- **DESCRIPTION OF THE TASK**
Copy exactly, please, the lines of the data from its start through the line containing "Should the Spurs".

- **DATASET RECORDS**
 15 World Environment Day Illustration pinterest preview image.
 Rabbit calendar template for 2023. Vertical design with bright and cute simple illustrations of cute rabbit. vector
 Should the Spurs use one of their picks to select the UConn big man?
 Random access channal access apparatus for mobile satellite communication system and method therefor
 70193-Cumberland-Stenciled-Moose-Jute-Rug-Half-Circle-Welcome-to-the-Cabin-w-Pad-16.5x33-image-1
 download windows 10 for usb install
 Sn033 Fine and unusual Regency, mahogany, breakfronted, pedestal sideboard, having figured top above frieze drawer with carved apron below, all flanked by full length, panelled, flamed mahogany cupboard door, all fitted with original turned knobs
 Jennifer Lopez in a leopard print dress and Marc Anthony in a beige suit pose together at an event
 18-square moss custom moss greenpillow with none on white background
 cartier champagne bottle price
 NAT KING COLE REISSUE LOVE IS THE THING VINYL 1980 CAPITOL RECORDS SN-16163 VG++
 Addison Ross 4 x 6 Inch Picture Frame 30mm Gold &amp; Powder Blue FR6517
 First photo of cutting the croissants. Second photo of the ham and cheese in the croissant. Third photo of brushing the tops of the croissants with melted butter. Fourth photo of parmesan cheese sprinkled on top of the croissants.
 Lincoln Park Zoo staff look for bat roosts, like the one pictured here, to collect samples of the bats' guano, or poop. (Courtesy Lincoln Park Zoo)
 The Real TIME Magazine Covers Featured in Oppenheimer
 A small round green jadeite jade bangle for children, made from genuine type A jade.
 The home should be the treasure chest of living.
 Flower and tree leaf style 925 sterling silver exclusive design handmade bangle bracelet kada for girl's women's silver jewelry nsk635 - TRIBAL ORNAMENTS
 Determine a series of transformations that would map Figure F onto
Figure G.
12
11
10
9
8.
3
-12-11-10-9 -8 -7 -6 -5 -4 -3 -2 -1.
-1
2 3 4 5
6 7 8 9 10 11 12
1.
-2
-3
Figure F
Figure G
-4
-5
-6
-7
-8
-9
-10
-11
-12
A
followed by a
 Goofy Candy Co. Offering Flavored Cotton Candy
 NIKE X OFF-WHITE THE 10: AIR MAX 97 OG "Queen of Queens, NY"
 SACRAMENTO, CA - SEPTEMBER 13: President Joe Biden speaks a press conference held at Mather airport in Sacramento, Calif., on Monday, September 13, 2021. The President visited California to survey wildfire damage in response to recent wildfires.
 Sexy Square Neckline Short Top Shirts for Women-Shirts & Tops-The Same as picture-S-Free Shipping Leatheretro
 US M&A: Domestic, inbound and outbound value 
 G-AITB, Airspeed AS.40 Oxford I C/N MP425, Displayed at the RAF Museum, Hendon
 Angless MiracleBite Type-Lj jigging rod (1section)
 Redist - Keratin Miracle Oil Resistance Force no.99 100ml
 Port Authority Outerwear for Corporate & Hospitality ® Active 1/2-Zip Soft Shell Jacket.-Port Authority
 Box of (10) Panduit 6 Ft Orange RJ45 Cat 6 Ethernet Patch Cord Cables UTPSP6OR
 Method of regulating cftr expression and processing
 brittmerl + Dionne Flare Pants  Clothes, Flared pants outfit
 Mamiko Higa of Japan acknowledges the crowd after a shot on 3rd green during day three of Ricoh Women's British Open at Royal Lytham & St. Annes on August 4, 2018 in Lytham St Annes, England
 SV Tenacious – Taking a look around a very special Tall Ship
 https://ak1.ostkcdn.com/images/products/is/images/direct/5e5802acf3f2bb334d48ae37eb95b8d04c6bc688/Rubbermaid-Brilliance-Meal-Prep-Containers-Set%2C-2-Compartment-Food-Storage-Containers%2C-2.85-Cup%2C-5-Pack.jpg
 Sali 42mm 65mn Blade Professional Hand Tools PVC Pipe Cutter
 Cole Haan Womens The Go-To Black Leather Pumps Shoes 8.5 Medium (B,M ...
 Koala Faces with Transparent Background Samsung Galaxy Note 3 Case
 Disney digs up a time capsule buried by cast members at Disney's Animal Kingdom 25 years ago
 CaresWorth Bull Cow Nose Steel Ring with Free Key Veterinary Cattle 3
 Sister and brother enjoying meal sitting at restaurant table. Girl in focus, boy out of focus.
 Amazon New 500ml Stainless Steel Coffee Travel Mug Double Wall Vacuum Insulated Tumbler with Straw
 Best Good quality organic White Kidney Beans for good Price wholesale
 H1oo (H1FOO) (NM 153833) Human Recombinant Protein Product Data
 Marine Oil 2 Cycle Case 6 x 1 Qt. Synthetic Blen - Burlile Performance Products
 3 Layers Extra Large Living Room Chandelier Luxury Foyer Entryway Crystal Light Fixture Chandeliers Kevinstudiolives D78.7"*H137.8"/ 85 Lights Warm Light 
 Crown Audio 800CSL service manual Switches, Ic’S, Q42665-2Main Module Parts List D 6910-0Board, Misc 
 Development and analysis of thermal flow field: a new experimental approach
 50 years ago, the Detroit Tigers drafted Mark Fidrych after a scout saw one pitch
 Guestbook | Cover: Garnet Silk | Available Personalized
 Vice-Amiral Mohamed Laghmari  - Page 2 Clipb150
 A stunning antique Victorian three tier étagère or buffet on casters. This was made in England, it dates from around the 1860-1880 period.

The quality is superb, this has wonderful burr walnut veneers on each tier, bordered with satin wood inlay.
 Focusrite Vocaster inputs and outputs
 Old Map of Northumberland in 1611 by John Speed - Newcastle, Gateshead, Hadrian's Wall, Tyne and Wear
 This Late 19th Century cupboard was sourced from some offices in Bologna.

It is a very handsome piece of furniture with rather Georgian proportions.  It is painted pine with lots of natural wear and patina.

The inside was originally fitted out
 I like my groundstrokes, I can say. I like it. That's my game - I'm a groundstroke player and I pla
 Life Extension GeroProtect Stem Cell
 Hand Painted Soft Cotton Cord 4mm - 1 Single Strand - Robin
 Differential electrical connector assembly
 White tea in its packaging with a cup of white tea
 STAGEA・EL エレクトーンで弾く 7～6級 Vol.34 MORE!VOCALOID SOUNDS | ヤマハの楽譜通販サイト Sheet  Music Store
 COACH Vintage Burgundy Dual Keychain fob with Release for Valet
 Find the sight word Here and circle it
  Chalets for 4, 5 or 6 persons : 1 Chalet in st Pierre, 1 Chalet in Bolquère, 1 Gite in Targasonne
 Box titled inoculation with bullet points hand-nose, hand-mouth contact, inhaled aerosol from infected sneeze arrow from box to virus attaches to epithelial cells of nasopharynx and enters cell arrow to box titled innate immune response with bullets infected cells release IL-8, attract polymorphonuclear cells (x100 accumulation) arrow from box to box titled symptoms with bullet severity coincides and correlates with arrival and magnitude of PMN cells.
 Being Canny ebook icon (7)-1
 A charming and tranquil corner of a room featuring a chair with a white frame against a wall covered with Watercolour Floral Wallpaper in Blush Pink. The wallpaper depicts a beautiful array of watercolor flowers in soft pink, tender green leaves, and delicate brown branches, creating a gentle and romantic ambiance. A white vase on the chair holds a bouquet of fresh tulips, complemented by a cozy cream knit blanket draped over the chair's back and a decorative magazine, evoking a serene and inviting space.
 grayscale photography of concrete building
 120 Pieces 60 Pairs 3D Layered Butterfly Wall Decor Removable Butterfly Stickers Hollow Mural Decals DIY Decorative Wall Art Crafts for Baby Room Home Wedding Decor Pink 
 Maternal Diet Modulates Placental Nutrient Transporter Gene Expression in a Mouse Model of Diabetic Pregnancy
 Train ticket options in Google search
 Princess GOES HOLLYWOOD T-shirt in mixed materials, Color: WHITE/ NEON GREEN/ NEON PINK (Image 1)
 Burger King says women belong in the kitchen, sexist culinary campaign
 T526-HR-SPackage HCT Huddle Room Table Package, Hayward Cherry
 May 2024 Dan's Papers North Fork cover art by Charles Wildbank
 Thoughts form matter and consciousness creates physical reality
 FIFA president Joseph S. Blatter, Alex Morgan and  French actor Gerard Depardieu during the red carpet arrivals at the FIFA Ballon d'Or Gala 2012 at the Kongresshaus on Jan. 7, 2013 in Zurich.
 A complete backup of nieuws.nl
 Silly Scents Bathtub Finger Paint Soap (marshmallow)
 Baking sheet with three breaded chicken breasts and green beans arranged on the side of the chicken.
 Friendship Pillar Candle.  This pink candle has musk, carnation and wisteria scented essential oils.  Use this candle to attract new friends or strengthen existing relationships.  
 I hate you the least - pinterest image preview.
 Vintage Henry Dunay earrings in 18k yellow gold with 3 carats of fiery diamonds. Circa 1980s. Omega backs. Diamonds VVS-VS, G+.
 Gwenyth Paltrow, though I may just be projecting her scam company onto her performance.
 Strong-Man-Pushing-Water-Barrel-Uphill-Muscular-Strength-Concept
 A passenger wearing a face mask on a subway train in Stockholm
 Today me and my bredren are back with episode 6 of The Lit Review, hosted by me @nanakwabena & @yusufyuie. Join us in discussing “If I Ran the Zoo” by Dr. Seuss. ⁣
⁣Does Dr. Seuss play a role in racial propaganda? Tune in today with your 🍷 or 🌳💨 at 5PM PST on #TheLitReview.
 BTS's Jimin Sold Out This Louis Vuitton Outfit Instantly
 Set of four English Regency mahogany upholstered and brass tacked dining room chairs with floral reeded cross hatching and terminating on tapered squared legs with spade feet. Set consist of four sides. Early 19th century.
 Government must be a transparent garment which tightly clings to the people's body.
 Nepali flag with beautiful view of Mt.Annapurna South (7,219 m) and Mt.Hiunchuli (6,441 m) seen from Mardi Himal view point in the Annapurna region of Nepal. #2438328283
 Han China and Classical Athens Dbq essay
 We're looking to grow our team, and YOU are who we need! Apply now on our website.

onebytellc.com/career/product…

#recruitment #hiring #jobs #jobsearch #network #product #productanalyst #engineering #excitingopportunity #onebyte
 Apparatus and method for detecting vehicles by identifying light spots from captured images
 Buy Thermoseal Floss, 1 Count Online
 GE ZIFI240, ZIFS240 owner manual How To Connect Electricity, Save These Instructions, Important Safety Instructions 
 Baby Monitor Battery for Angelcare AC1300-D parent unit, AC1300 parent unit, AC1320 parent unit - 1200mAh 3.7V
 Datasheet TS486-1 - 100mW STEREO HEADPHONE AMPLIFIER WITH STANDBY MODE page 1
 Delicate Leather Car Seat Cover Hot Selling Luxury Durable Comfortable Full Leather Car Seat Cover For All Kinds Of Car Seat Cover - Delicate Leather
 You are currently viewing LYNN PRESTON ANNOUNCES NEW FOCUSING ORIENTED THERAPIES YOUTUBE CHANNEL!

- **SOLUTION TO THE EXERCISE**
 15 World Environment Day Illustration pinterest preview image.
 Rabbit calendar template for 2023. Vertical design with bright and cute simple illustrations of cute rabbit. vector
 Should the Spurs use one of their picks to select the UConn big man?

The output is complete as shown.